Crossroads, p. 2

They probably knew how to build hide-covered boats. They hunted big game with bone or stone tipped spears which they hurled, with tremendous force, with the spear thrower (or "atl-atl"), and they used throwing sticks or "non-returning boomerangs" for small game.

(Atl-atl was the main weapon of American Indians from 9,500 B.C. to A.D. 500. It is simply a straight piece of wood about 18 inches long with a slight hook on the end. The atl-atl dart, in size between a small spear and a large arrow, is held on top of the atl-atl, resting against the hook. It is thrown overhead and can easily travel a hundred yards because of the extra leverage the atl-atl provides.)
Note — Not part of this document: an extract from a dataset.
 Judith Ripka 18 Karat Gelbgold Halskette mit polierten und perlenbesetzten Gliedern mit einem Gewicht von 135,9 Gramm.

They were expert flint knappers and their finely made and very distinctive "fluted " spear points are the best clues to identifying their camp sites, their migration routes, and the places they killed and butchered animals. Archeologists call these spear points "Clovis points" after the site near Clovis, New Mexico, where they were first found with the bones of extinct Ice Age animals.
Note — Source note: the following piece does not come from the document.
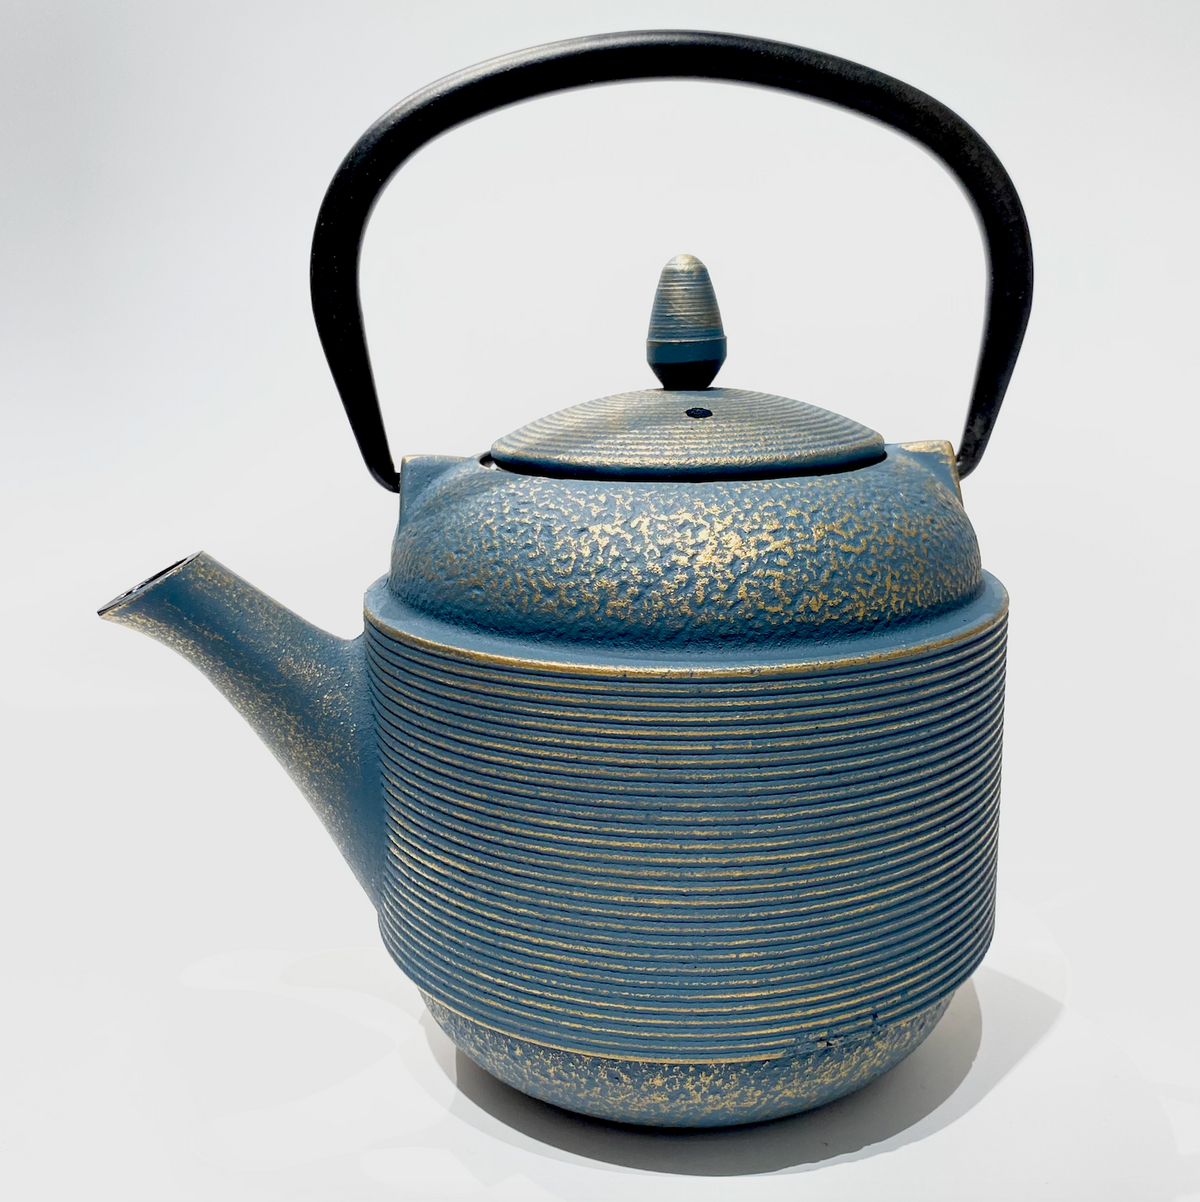 Cast Iron Teapot-Light Blue

(Clovis Point discoveries prove that the Paleo Indians lived in Arkansas, but the finds are few and far between and no substantial Paleo Indian campsites have been found.)

They were accompanied by dogs, descended from wolves, that earned their keep as hunters and trackers, as pack animals, as sentinels, and perhaps as pets. The skeleton of one of these early dogs has been found near an 11,580 year old hearth in Jaguar Cave in Idaho.